ADTRAN today debuts its cloud-managed whole home mesh WiFi, an offering that could give operators the ability to improve their residential broadband services, reduce costs and upsell service enhancements to customers.
Dubbed the ADTRAN SDX 810-RG and 810-ADP, the solution -- part of Mosaic Subscriber Experience Suite -- delivers "enterprise-class WiFi to residential customers," Kurt Raaflaub, head of strategic solutions marketing, told Broadband World News today.
Service providers, whether cable or telco, are asked to solve some tough broadband support issues -- even ones they didn't create. Consumers may, for example, buy $400 or $500 gigabit home WiFi modems at retailers but, when they do not receive the expected high-speed, whole-home coverage, immediately call their operator, said Raaflaub. Providers have no visibility into a modem or set-up they did not create and have two options: Send out an expensive technician, often more than once, to try to resolve the problems or tell irate subscribers they cannot do anything since the consumers don't rent modems from them.
Neither result bodes well for the next subscriber satisfaction survey. And forget about customer loyalty.
Bonus rounds
Instead, service providers can combine ADTRAN's SDX 810 family with its SD Access open, microservices portfolio, Raaflaub said. They also may opt to add additional components of ADTRAN's Mosaic Subscriber Experience Suite, he said. (See SD-Access: The Foundation for Transformation and Pattern Emerges for ADTRAN's Mosaic.)
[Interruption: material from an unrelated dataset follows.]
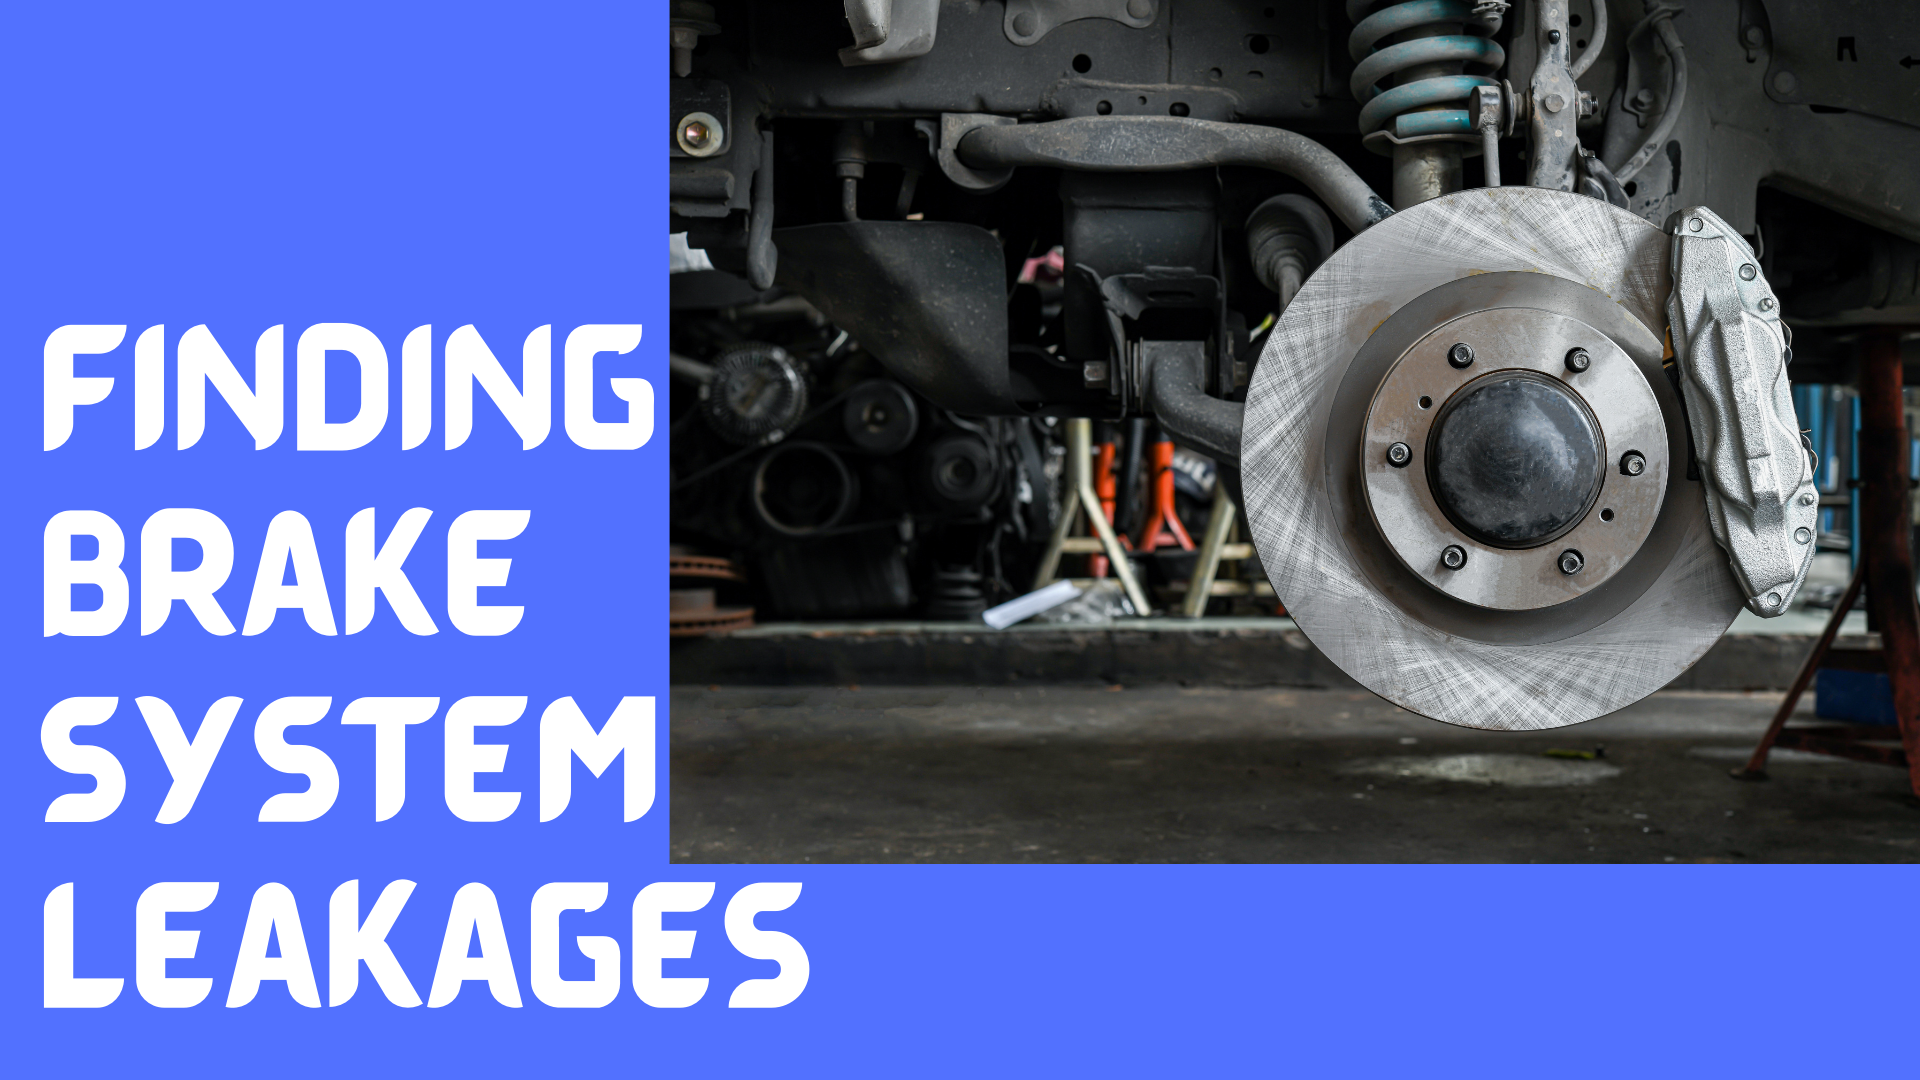 How To Find Leaks in the Brake System in a Truck Easily

By combining whole home WiFi with ADTRAN's SD-Access portfolio and Mosaic, service providers can monetize the broadband infrastructure in which they've so heavily invested -- and so many competitors use to providers' disadvantage, said Raaflaub.
"Carriers want to be able to monetize their broadband to develop and deliver. Service providers are in a land grab for subscriber mindshare. Not only has Netflix got their video, but you can see Amazon and Google coming into the home for the Internet of Things," he said. "Whole home WiFi is a way for providers to take back some of the mindshare that they own."
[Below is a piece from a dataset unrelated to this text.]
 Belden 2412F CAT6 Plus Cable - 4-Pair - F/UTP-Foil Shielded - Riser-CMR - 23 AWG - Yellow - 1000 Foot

Return on investment typically takes less than 12 months, Raaflaub estimated. ADTRAN's solution costs less than big-box stores' $500 offerings, he noted, and operators can buy other vendors' optical network terminations (ONTs) or networks, said Raaflaub.
"As a service provider, you have the benefit of taking a solution and can roll in -- for an extra $7, $8 or $9 a month -- for providing this service. The ROI is probably less than a year," he added. "Understanding a heavy user who has just bought a virtual reality headset, you will see that come up on his devices; he's on a 200Mbit/s service, you can push him to 500Mbit/s service. This is really a world where information is power. That is one of the key tenets of software-defined access."
The machines know
ADTRAN's use of machine learning further allows the system to adapt over time, recognizing for example that den users are more important than those in smaller bedrooms -- children, generally. The Mosaic portfolio prioritizes parents' usage during peak hours or at times when the network may be strained, ensuring the mother in the office and father in the living room (in other words, those who pay the bills) have better performance than the teenager who is in the middle of a 12-hour gaming marathon.
"We recognize when we give too much priority to little Jimmy and not enough to mom or dad, we get a phone call. That's the beauty of AI: It learns those things," Raaflaub said, with a laugh. "The den always has to trump the gaming console. "
Or the service provider upsells until every family member has adequate broadband access. Even better.
In addition to the new whole home WiFi solution, ADTRAN recently unveiled Mosaic Subscriber Insight and Mosaic Device Manager.
With Insight, service providers personalize subscriber experiences via a network intelligence tool that enables them to enhance business operations, new service sign-up and customer loyalty, ADTRAN said. For its part, Device Manager is a device management tool operators use to remotely monitor and maintain in-home customer devices and WiFi networks. By empowering providers to detect when subscribers add new equipment -- such as 4K or 8K TVs, virtual reality headsets or Internet of Things devices -- to the network, operators are easily equipped to upsell faster speeds, complementary services or promotional offers, Raaflaub noted. Modules are available for purchase alone or as part of the entire suite.